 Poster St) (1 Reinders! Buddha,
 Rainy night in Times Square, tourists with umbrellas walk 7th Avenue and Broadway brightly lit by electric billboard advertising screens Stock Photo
==
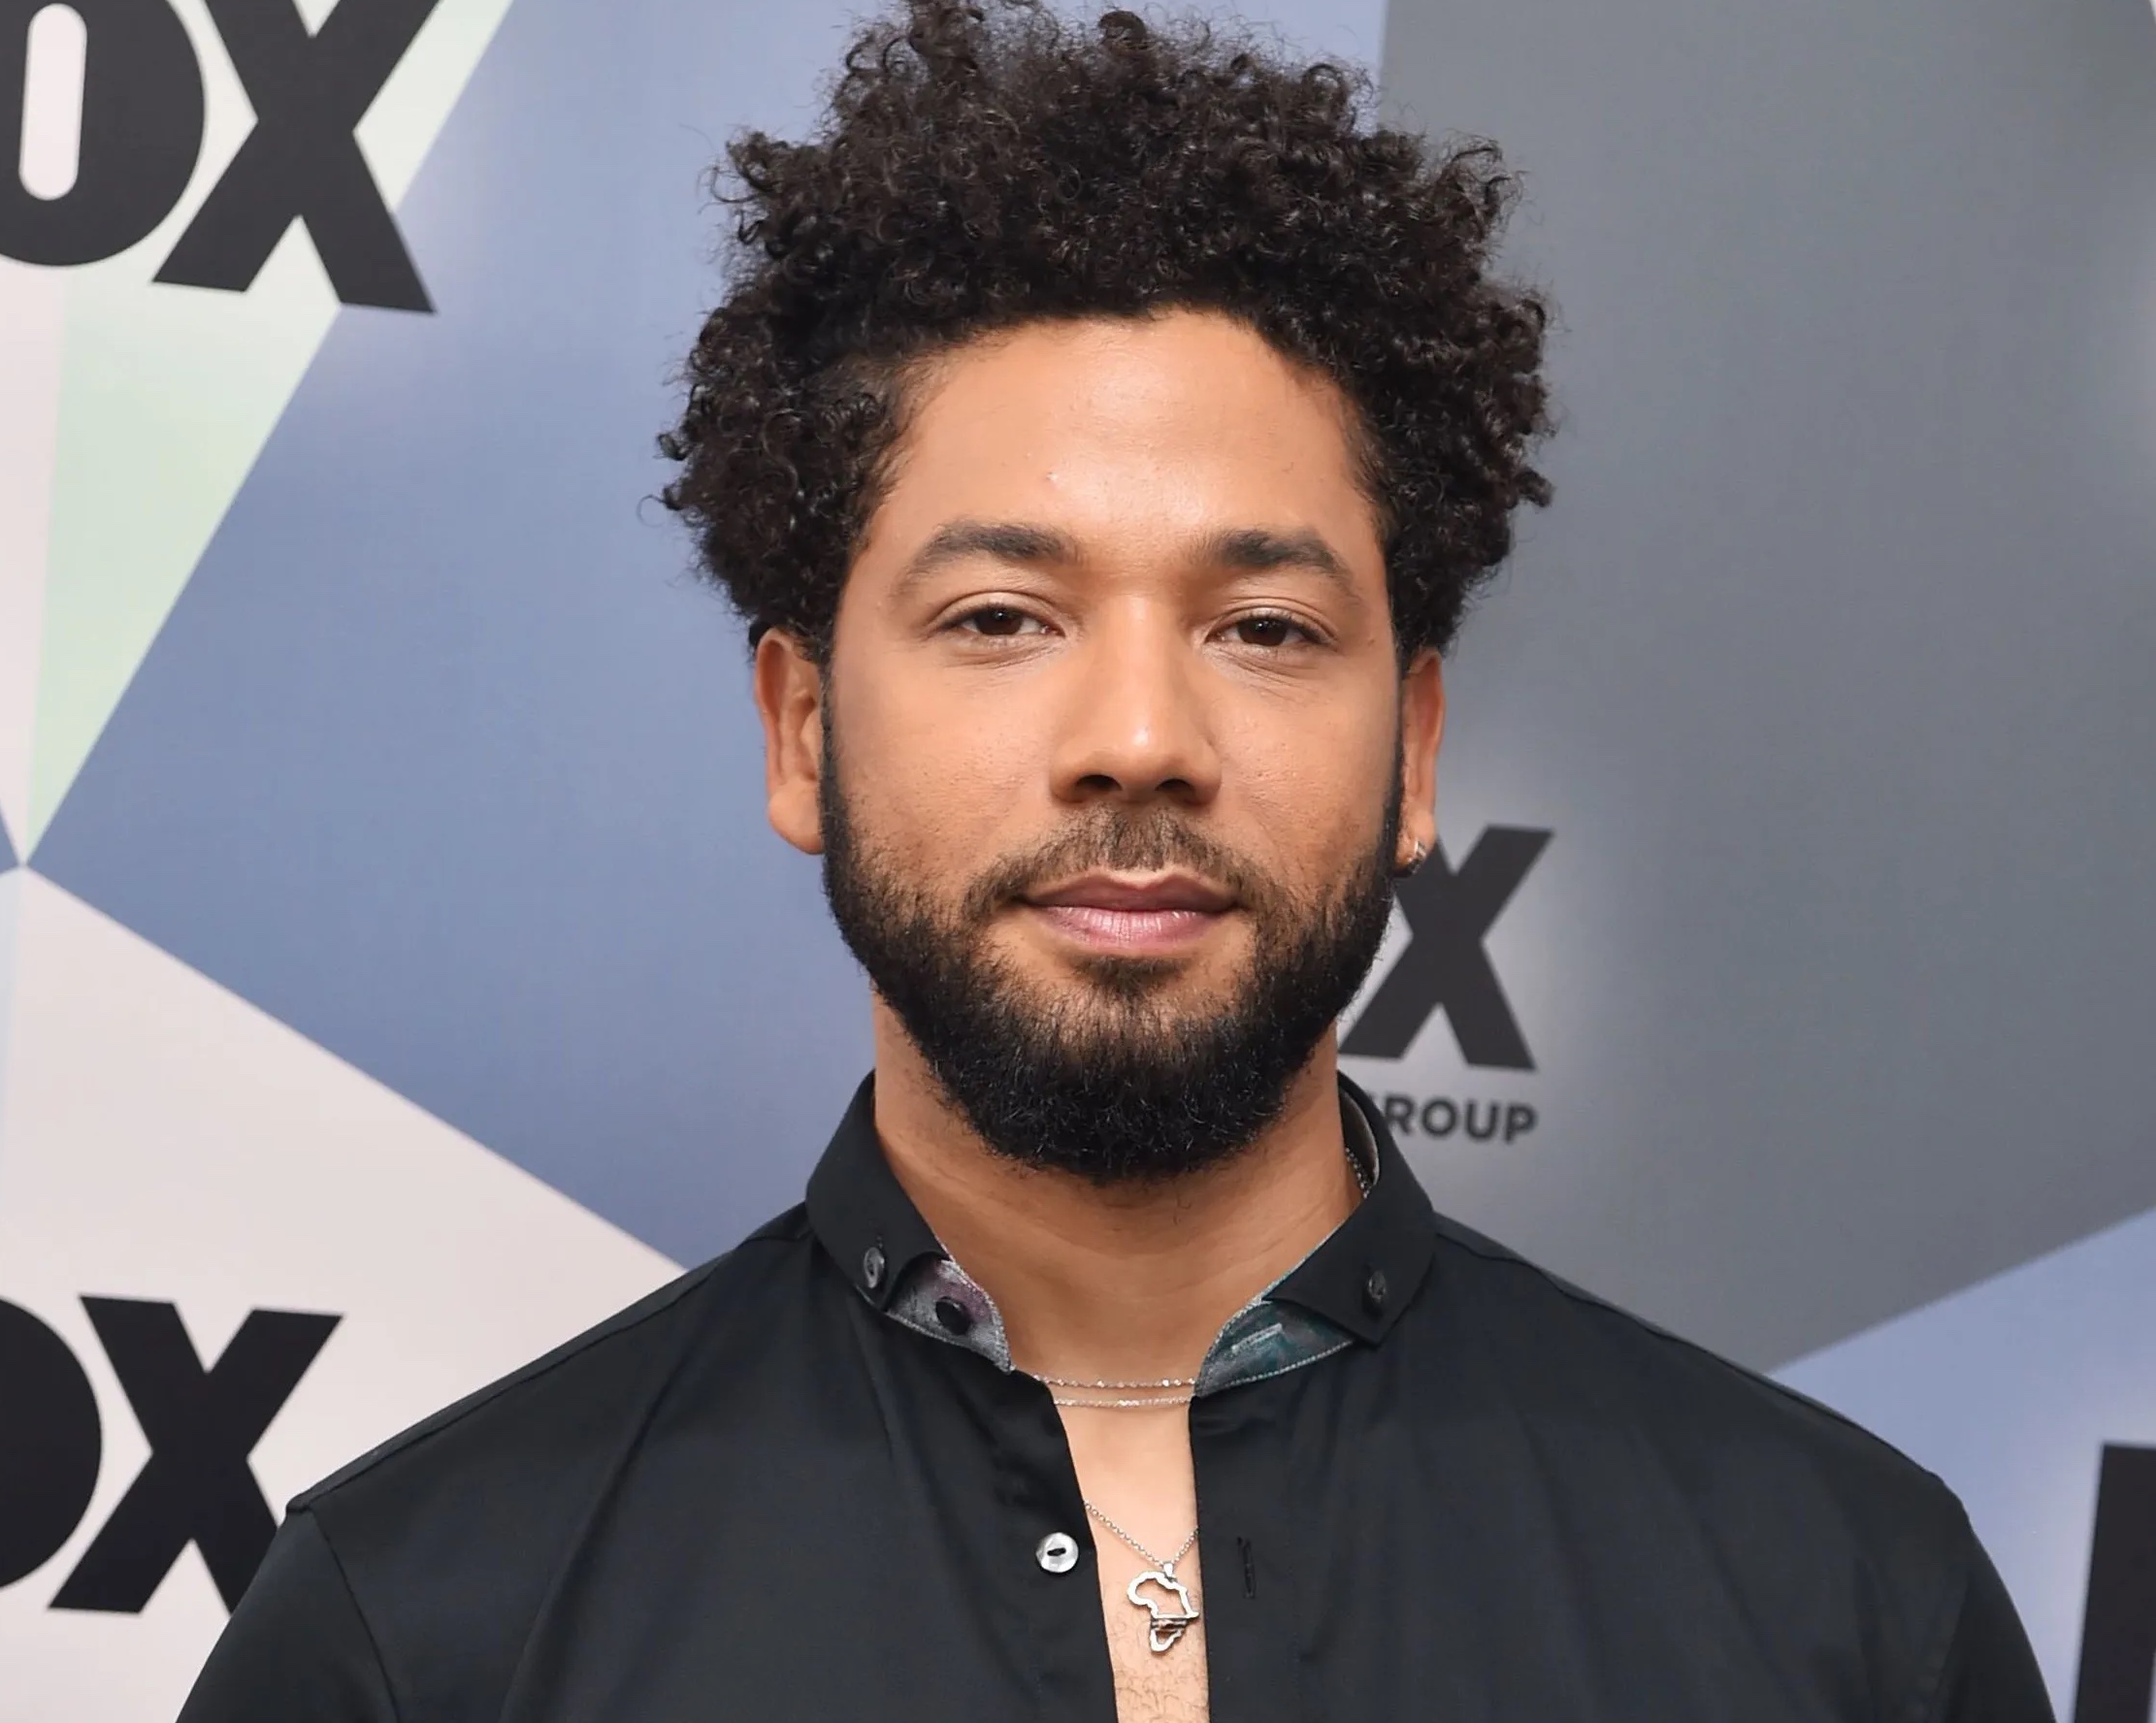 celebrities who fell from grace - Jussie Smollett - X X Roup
* * *
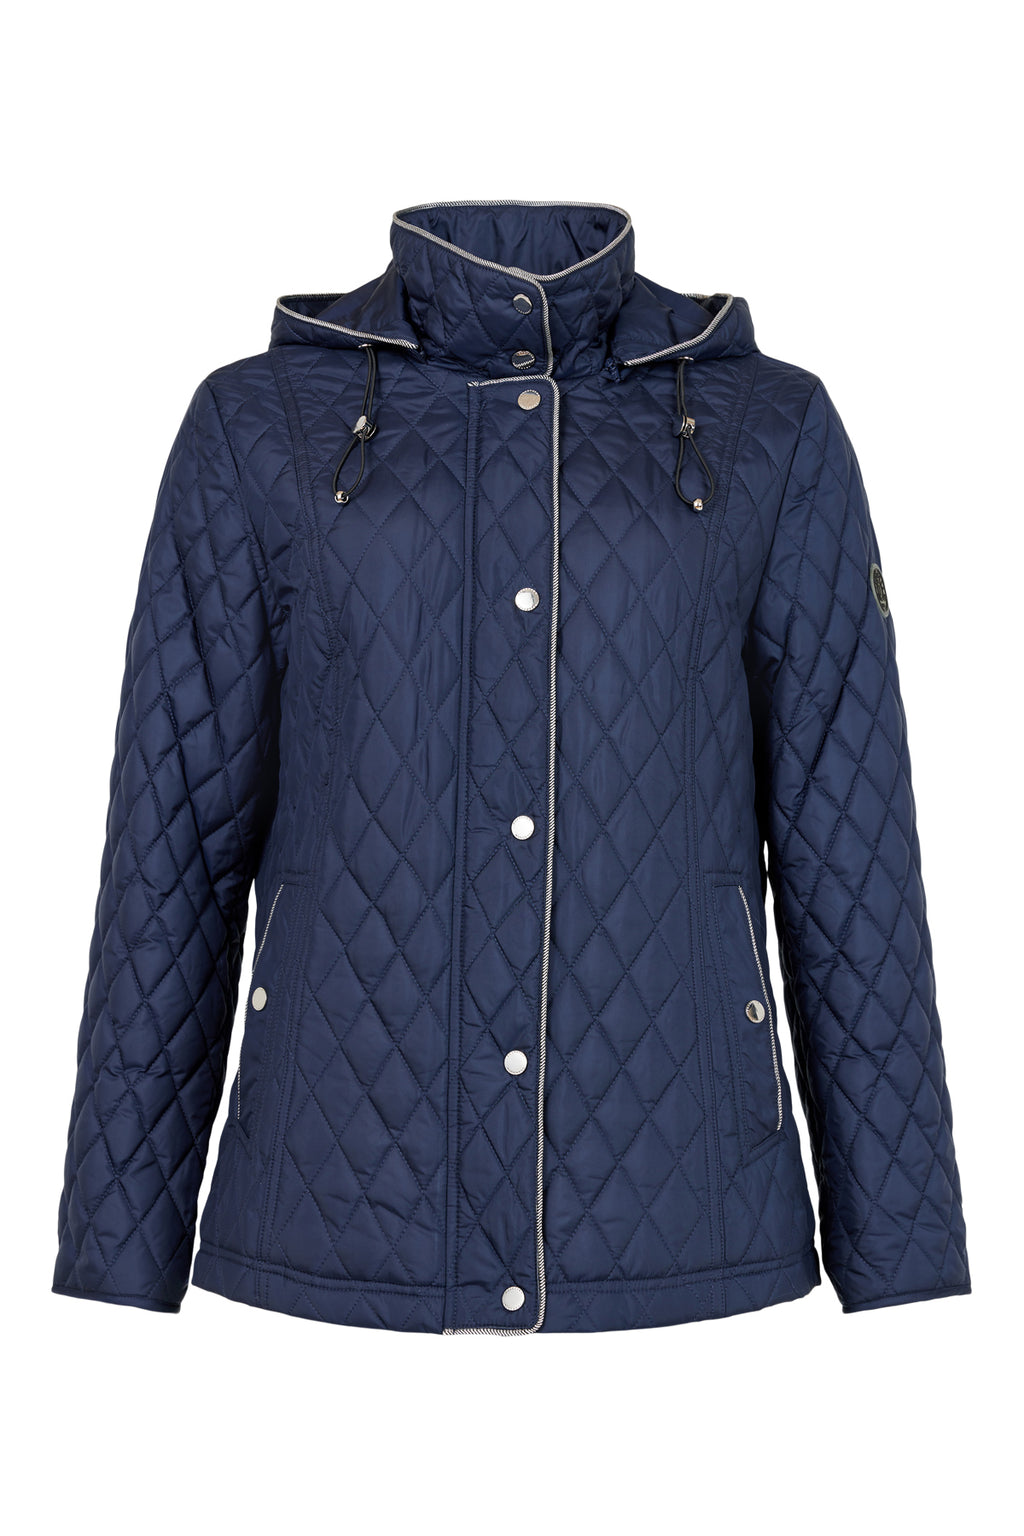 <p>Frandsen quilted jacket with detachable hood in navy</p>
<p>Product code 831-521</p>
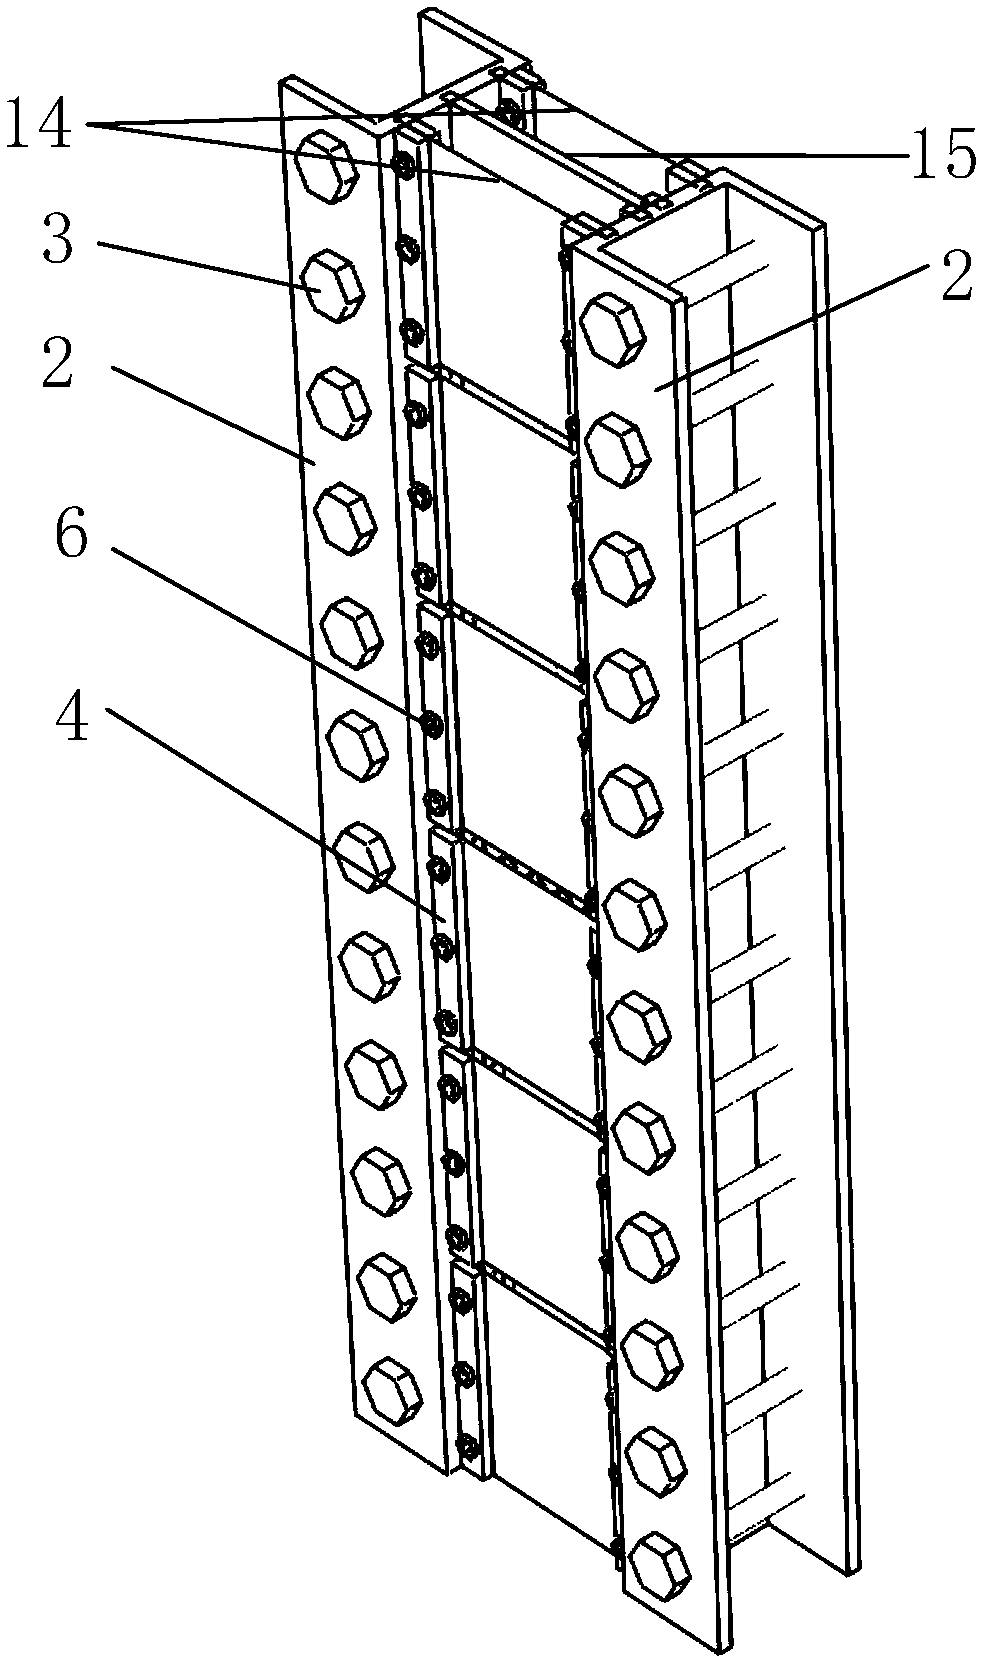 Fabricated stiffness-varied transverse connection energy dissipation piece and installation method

▸ PROBLEM STATEMENT: Here the job is to set down exactly the lines of the material above that fall between the one with "Poster St) (1" and the one with "Rainy night in", inclusive, and nothing beyond them.

▸ TASK ANSWER:
 Poster St) (1 Reinders! Buddha,
 Rainy night in Times Square, tourists with umbrellas walk 7th Avenue and Broadway brightly lit by electric billboard advertising screens Stock Photo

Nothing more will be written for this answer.